YOUR TASK: Using the data below, transcribe exactly everything from the line that contains "Nike KD 10 Wolf" down to the line that contains "Natalie Portman'ın karakteri". Include both of those lines and none of the pictures.

PROVIDED MATERIAL:
↓↓↓
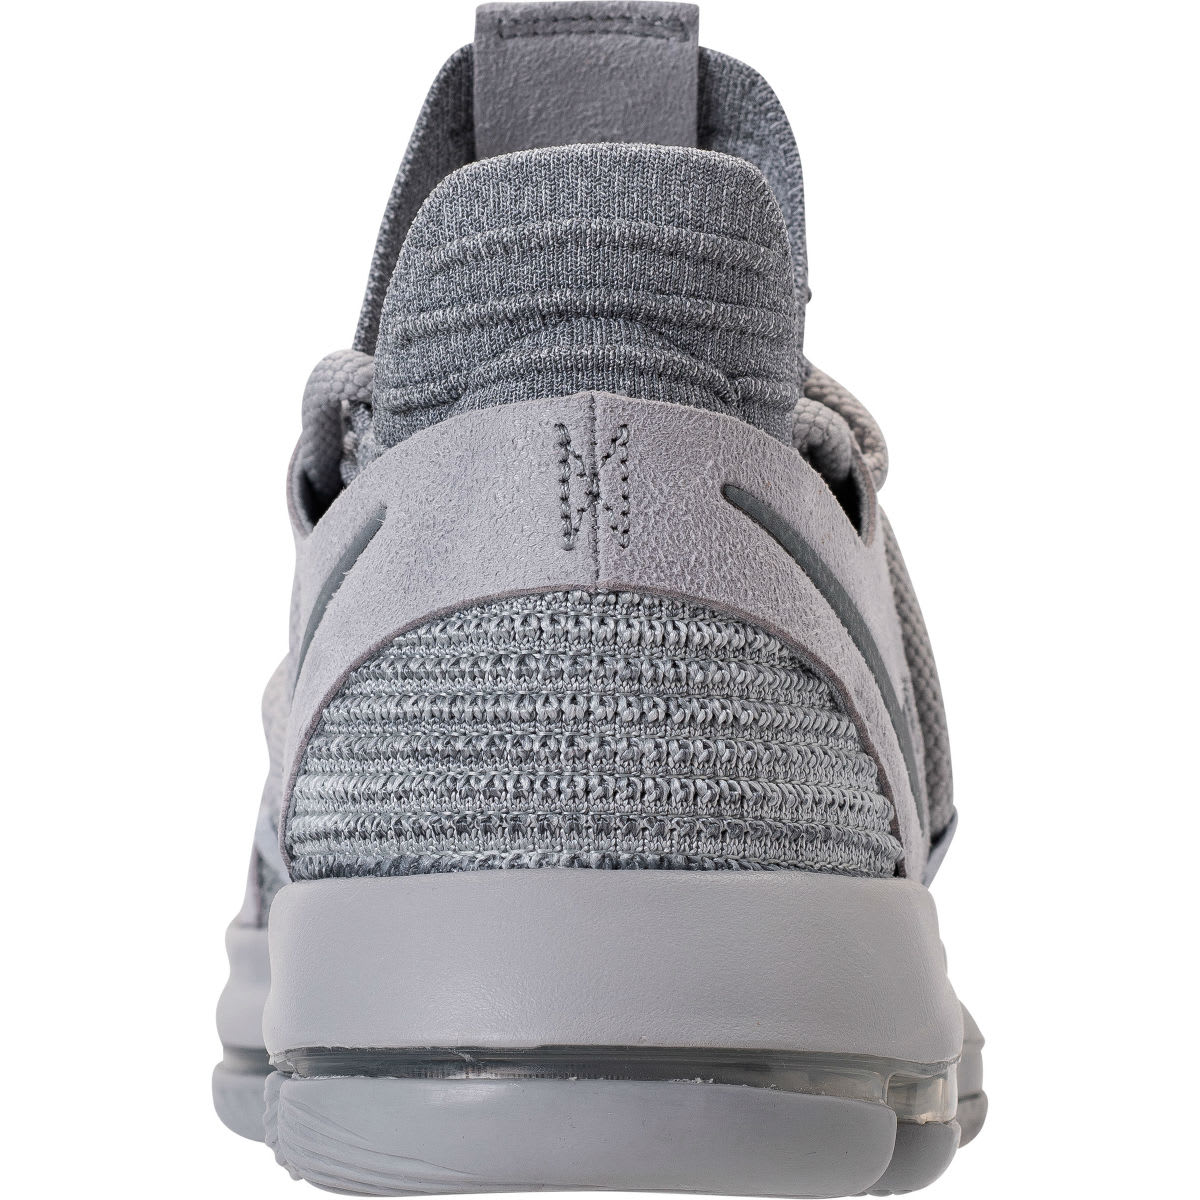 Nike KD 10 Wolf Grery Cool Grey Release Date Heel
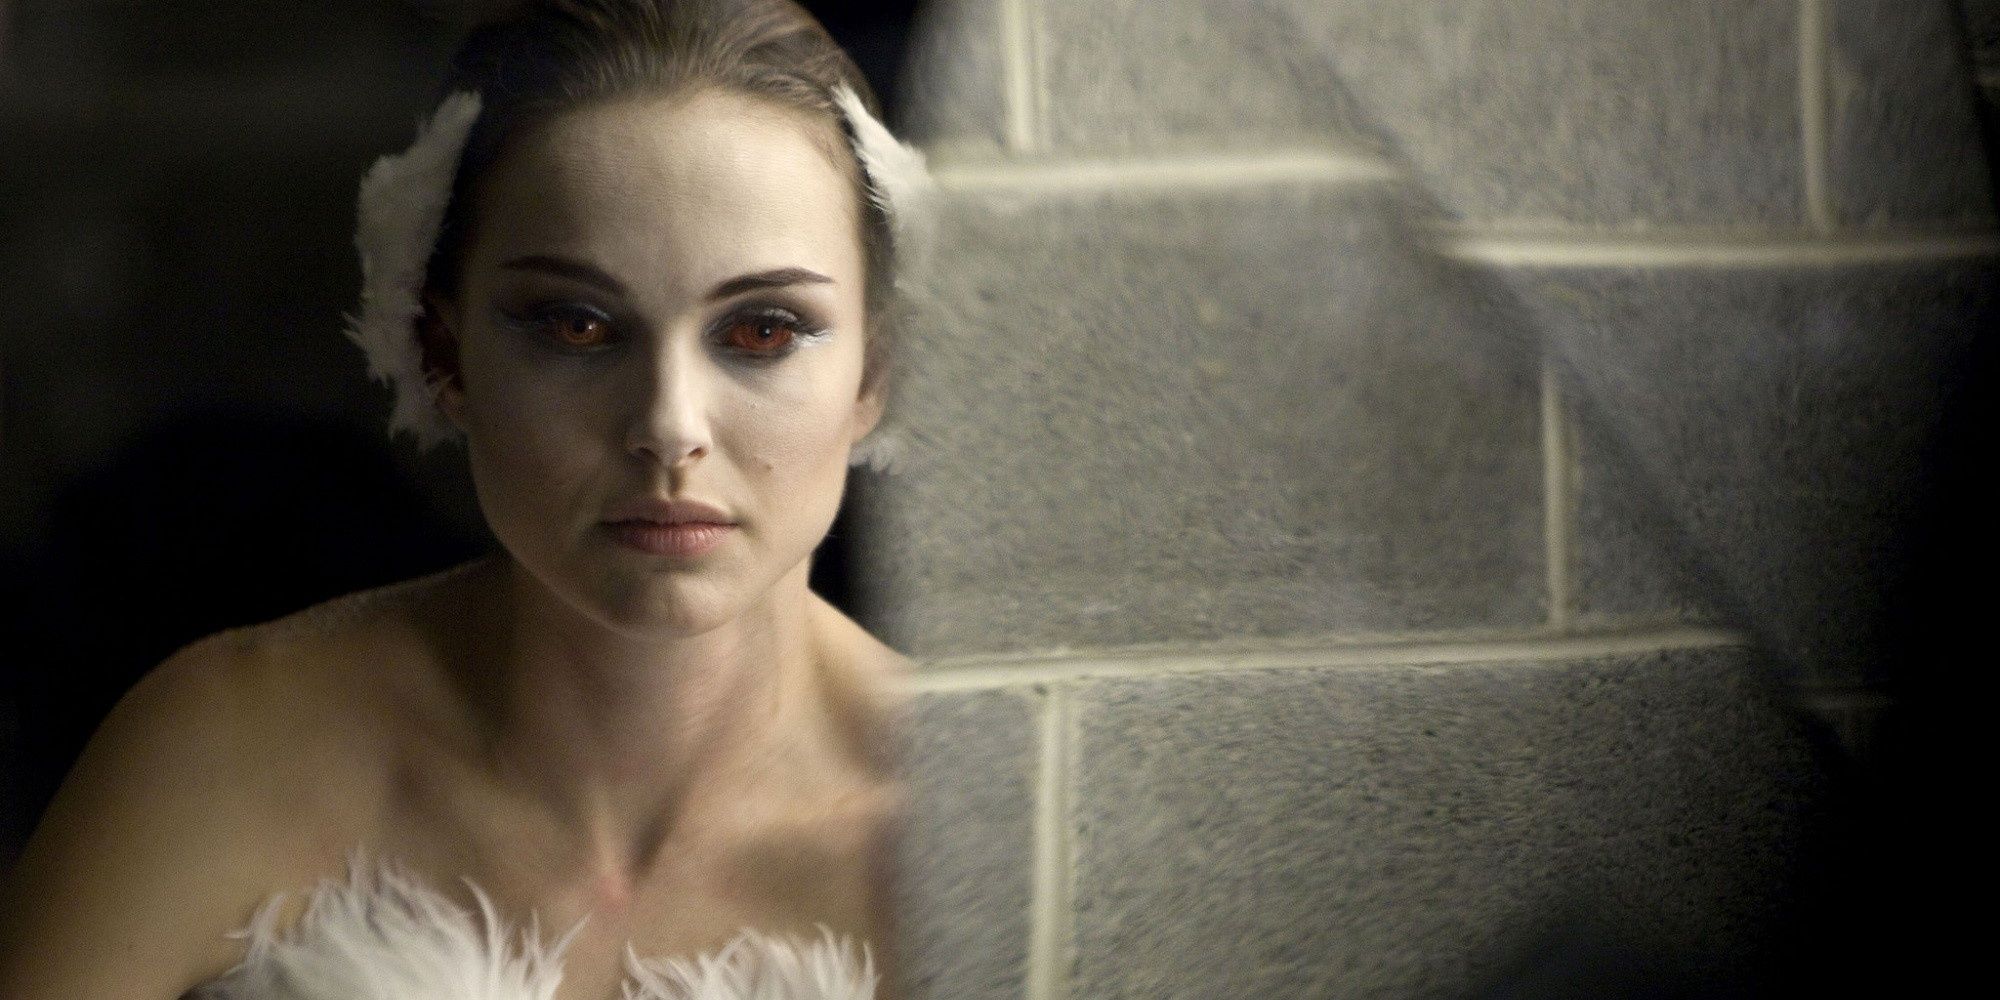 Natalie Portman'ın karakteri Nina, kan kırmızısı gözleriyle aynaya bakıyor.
↑↑↑
↓↓↓
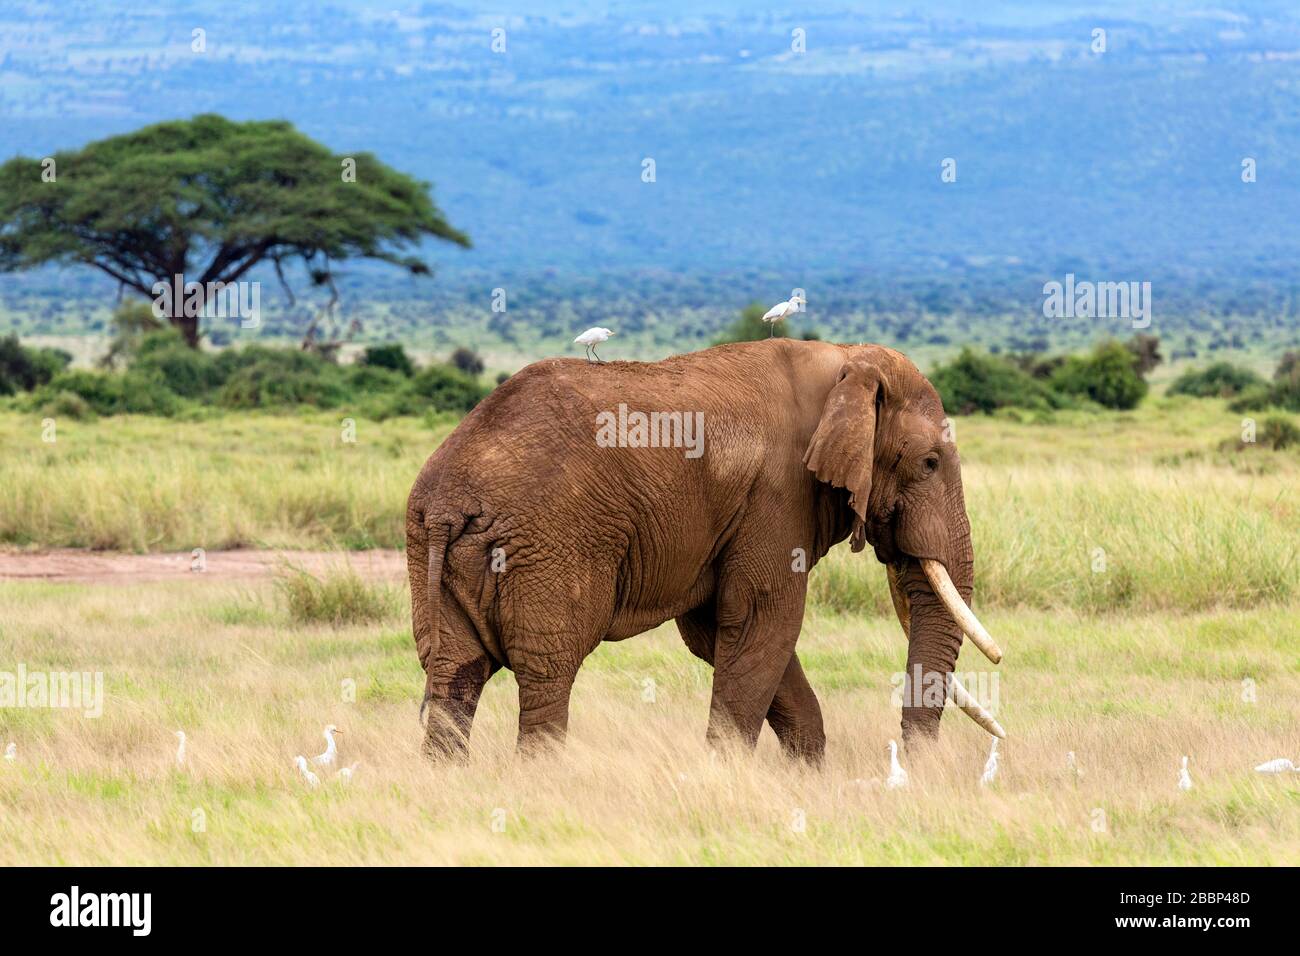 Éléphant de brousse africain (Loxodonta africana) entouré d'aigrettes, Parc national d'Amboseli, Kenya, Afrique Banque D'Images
↑↑↑
↓↓↓
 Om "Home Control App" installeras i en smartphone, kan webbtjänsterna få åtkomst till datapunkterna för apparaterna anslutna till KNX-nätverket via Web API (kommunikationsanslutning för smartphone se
↑↑↑
ANSWER BELOW:
 Nike KD 10 Wolf Grery Cool Grey Release Date Heel
 Natalie Portman'ın karakteri Nina, kan kırmızısı gözleriyle aynaya bakıyor.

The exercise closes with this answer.